Collected material –
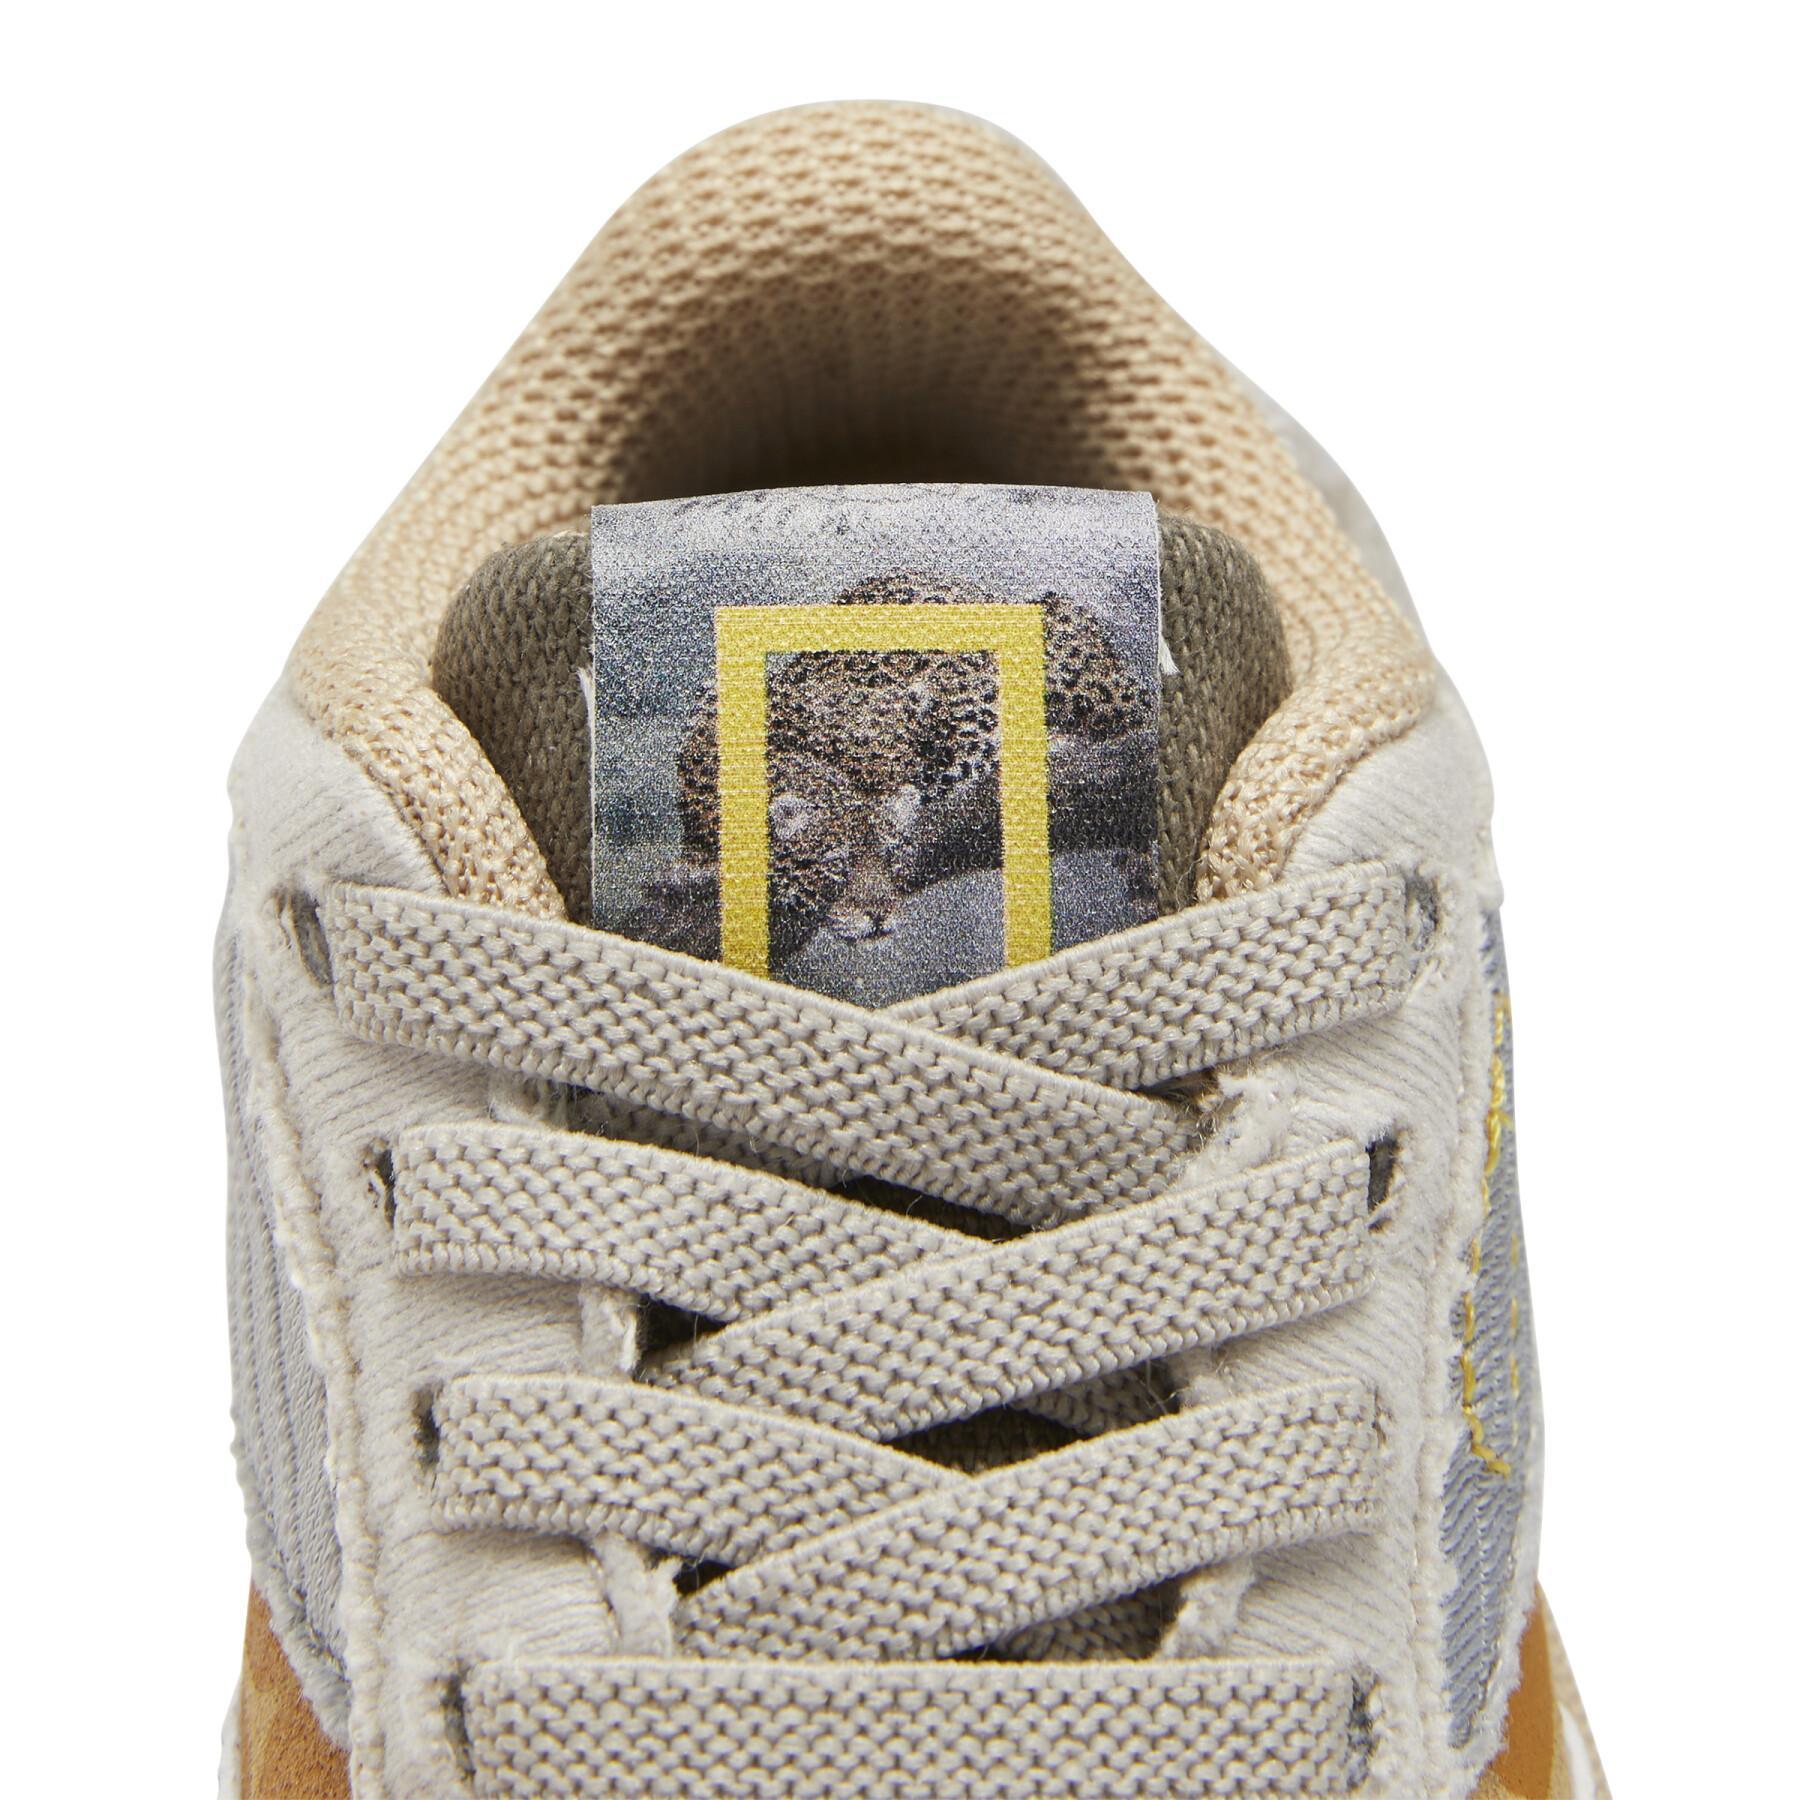 Children's sneakers Reebok National Geographic Club C
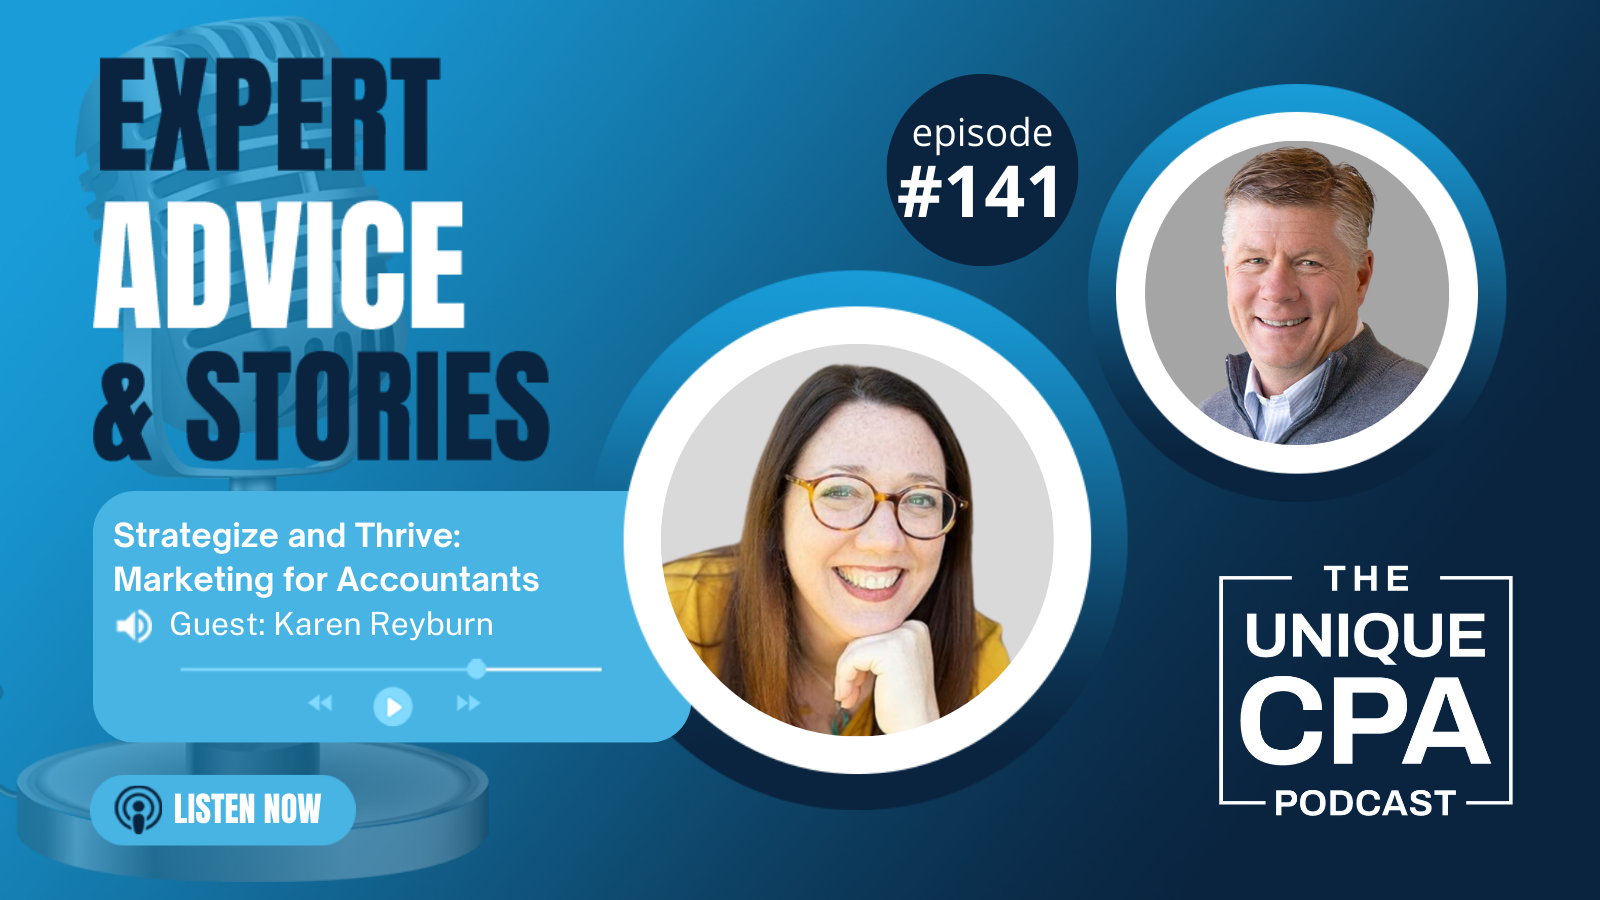 Unique Cpa Featured Image Ep 141 Karen Reyburn - Strategize And Thrive - Tri-Merit
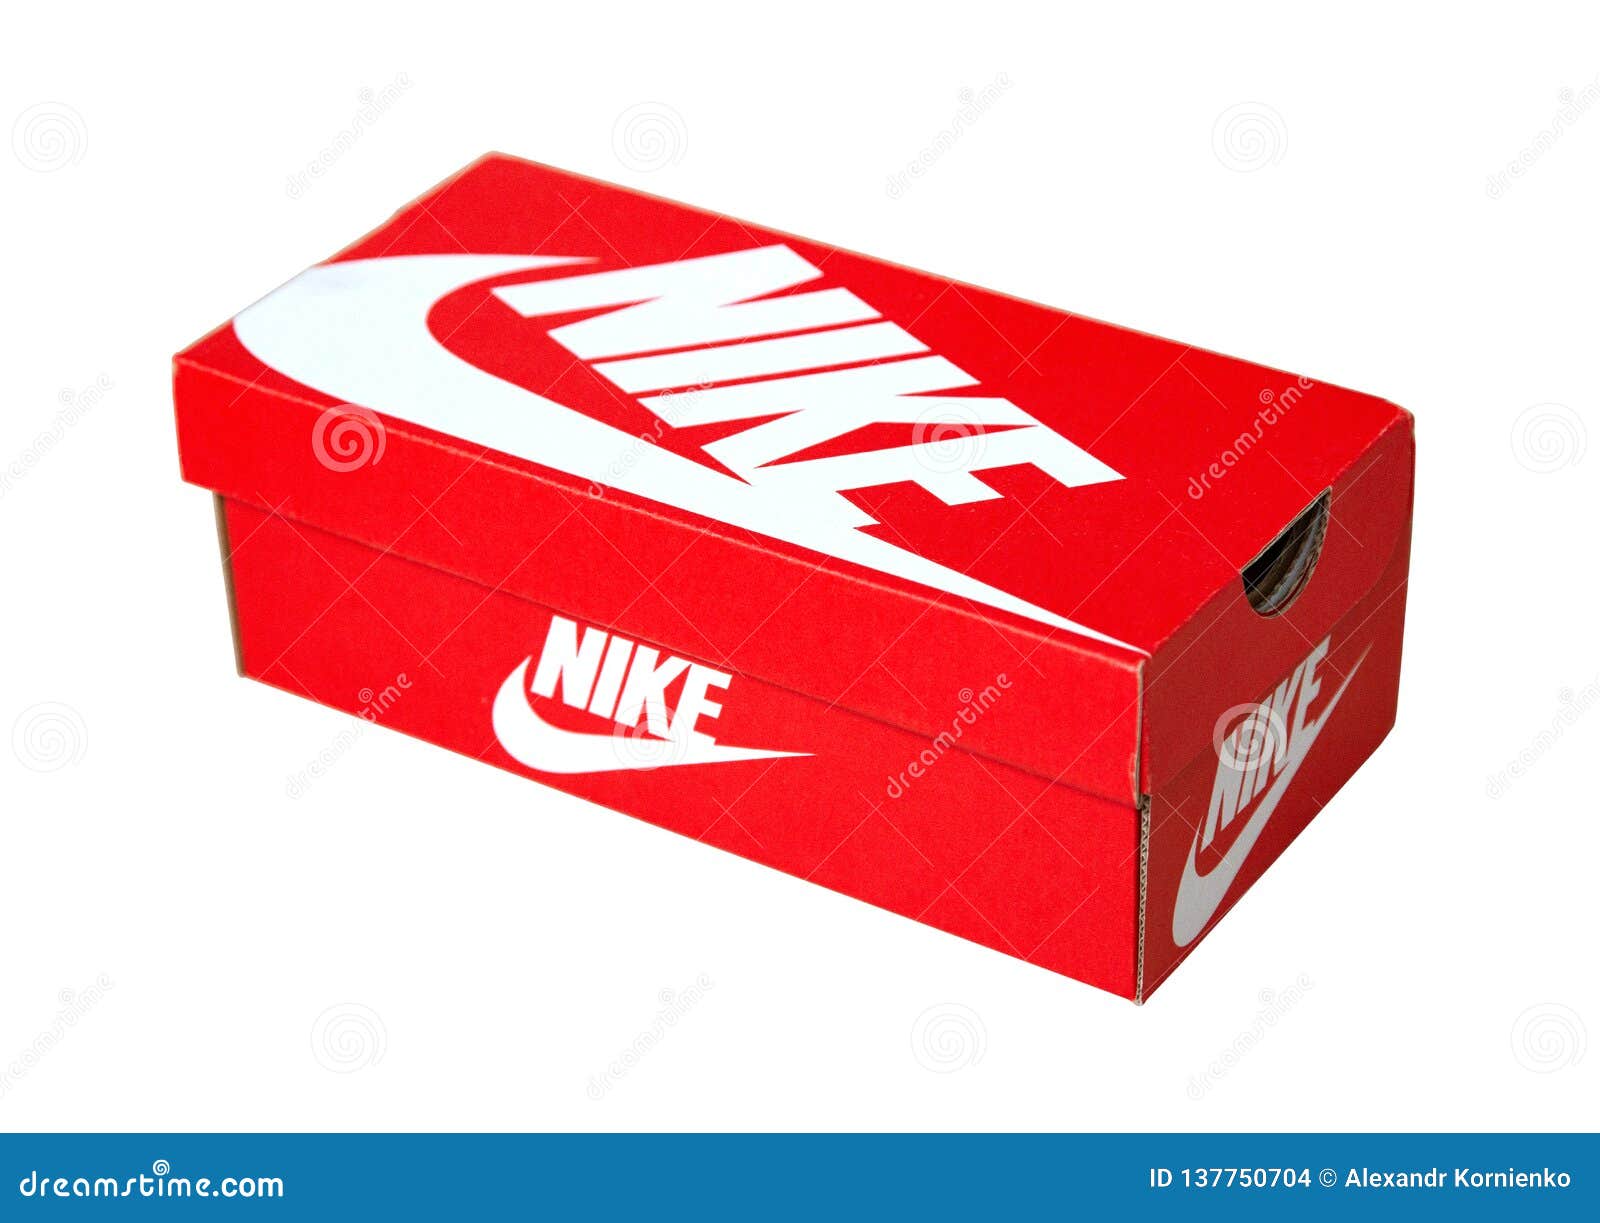 240 Nike Box Stock Photos - Free & Royalty-Free Stock Photos from Dreamstime

Task instructions –
Reproduce the listing exactly, but omit every picture in it.

Answer area –
 Children's sneakers Reebok National Geographic Club C
 Unique Cpa Featured Image Ep 141 Karen Reyburn - Strategize And Thrive - Tri-Merit
 240 Nike Box Stock Photos - Free & Royalty-Free Stock Photos from Dreamstime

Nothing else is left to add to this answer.